Gürcistan. Tiflis’te, gayrimenkul portalı korter.ge verilerine göre, yeni dairelerin ortalama fiyatı yaklaşık 1.380 USD/m² seviyesindedir. 2024 piyasa raporları, birincil piyasada ortalama fiyatın 1.470 USD/m², ikincil piyasada ise yaklaşık 1.230 USD/m² olduğunu göstermektedir. Batumi’de ortalama fiyat 1.400–1.500 USD/m² aralığındadır; tarihi merkezde ve yeni sahil hattında fiyatlar daha yüksektir.
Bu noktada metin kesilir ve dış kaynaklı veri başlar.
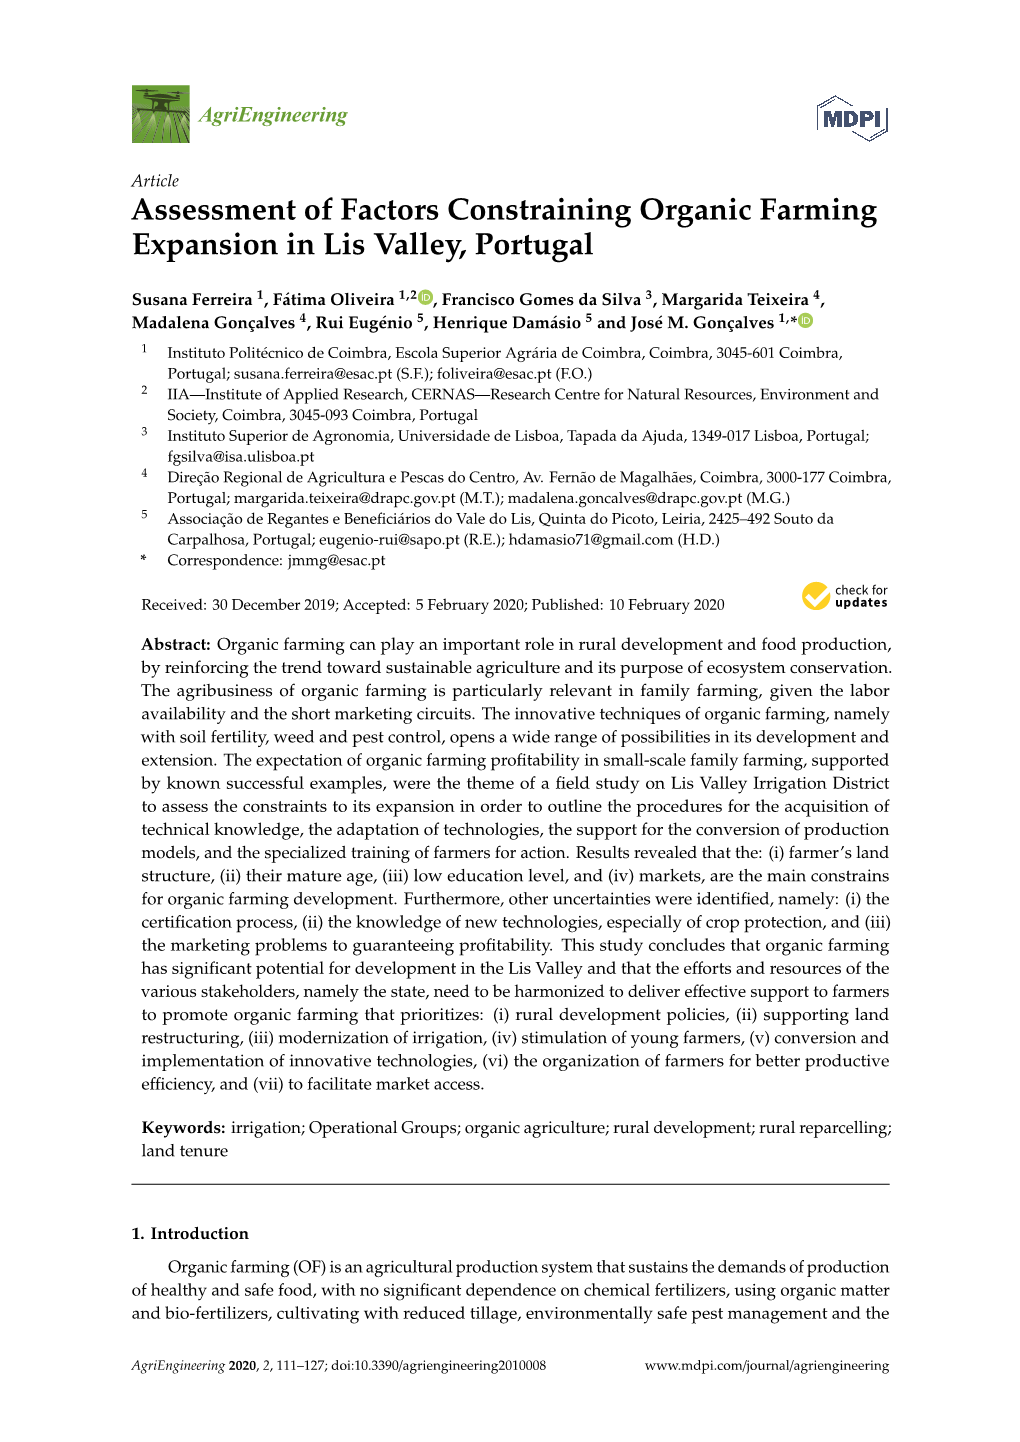 Assessment of Factors Constraining Organic Farming Expansion in Lis Valley, Portugal

Gürcistan, yabancı yatırımcılar için hâlâ en erişilebilir pazarlardan biridir: Tiflis ve Batumi’nin bazı bölgelerinde erken inşaat aşamalarında 1.000 USD/m²’nin altında projeler bulmak mümkündür.

BAE (Dubai). Dubai’de fiyatlar belirgin şekilde daha yüksek. Yeni konut piyasasında ortalama fiyat 16.000–18.000 AED/m²  (≈ 4.350–4.900 USD/m²).
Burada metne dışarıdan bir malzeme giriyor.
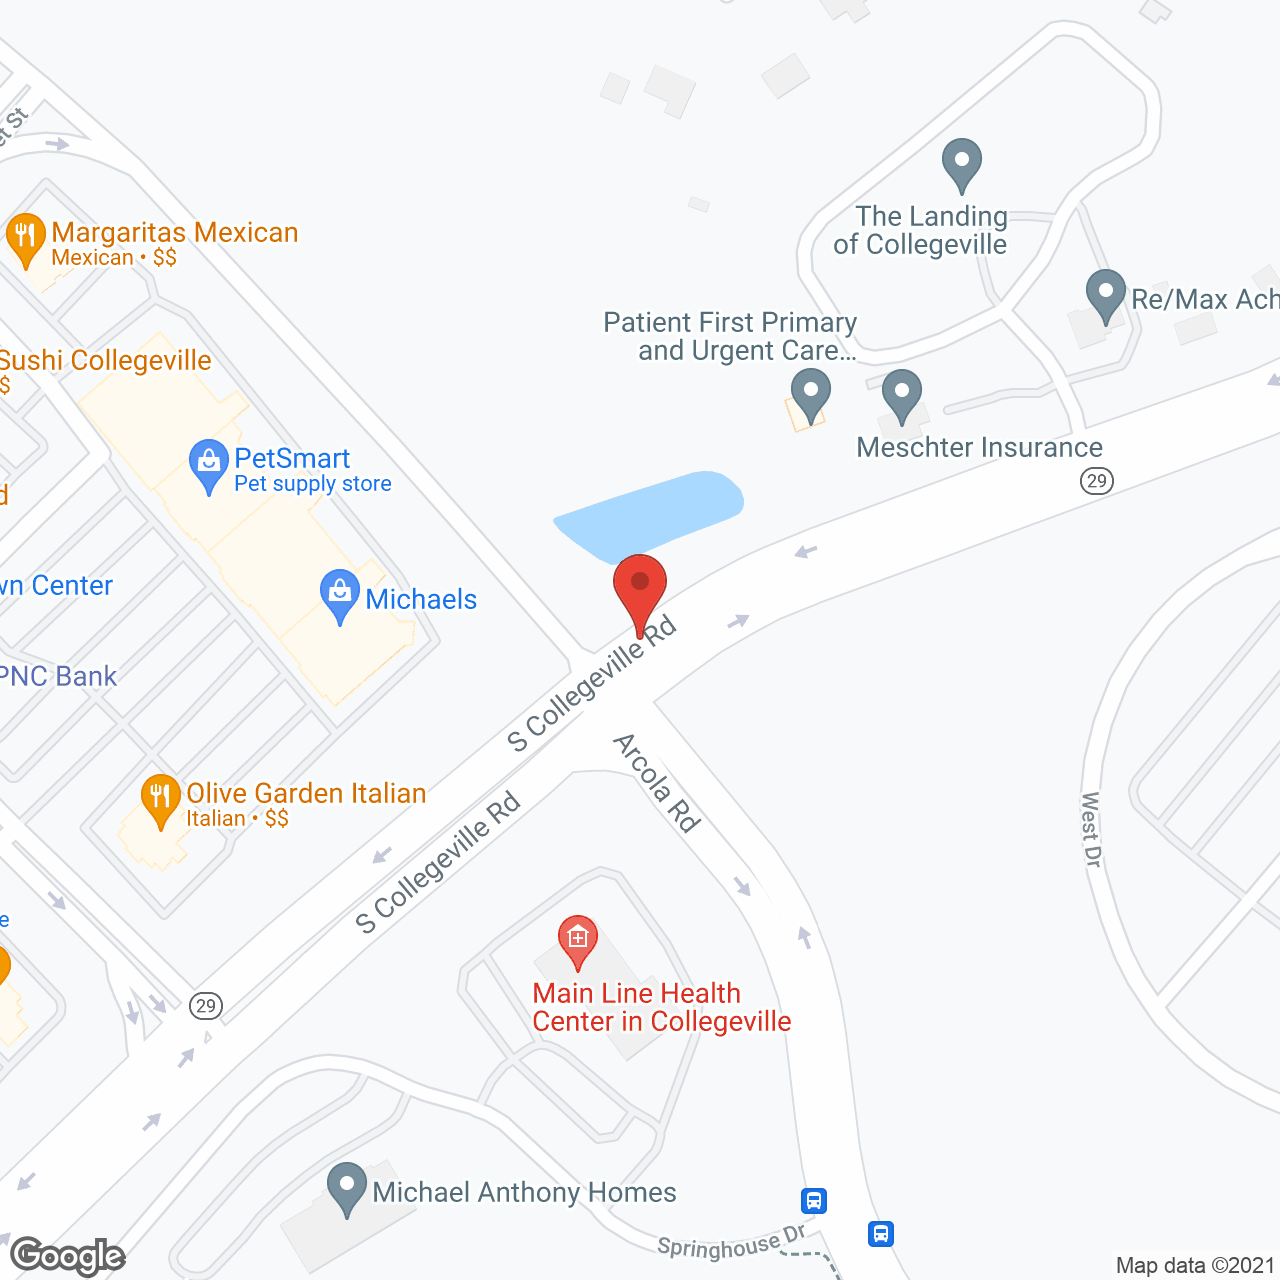 The Landing of Collegeville in google map

Premium bölgelerde bu rakam çok daha yukarı çıkabiliyor:

  • Dubai Marina: 22.000–26.000 AED/m² (≈ 6.000–7.100 USD/m²)

  • Palm Jumeirah / Downtown: daha yüksek bantlar

  • JVC / Dubai Hills gibi orta sınıf bölgelerde ise 13.000–15.500 AED/m²
    (≈ 3.500–4.200 USD/m²)

Dubai, fiyat açısından “düşük giriş maliyetli” bir pazar değil; ancak likidite, küresel talep, güçlü kira piyasası ve yüksek prestij gibi avantajlar sağlıyor.

Balkanlar. Balkan ülkelerinde fiyatlar şehirden şehre ciddi şekilde değişiyor:

  • Belgrad: 3.370 EUR/m² (≈ 3.900 USD/m²)

  • Sofya: 2.020 EUR/m² (≈ 2.340 USD/m²)

  • Zagreb: 2.960 EUR/m² (≈ 3.430 USD/m²)

  • Podgorica: 2.100 EUR/m² (≈ 2.440 USD/m²)
     

Sahil bölgelerinde ise birinci sıra projelerde fiyatlar çoğu zaman başkent seviyelerinin üzerine çıkıyor.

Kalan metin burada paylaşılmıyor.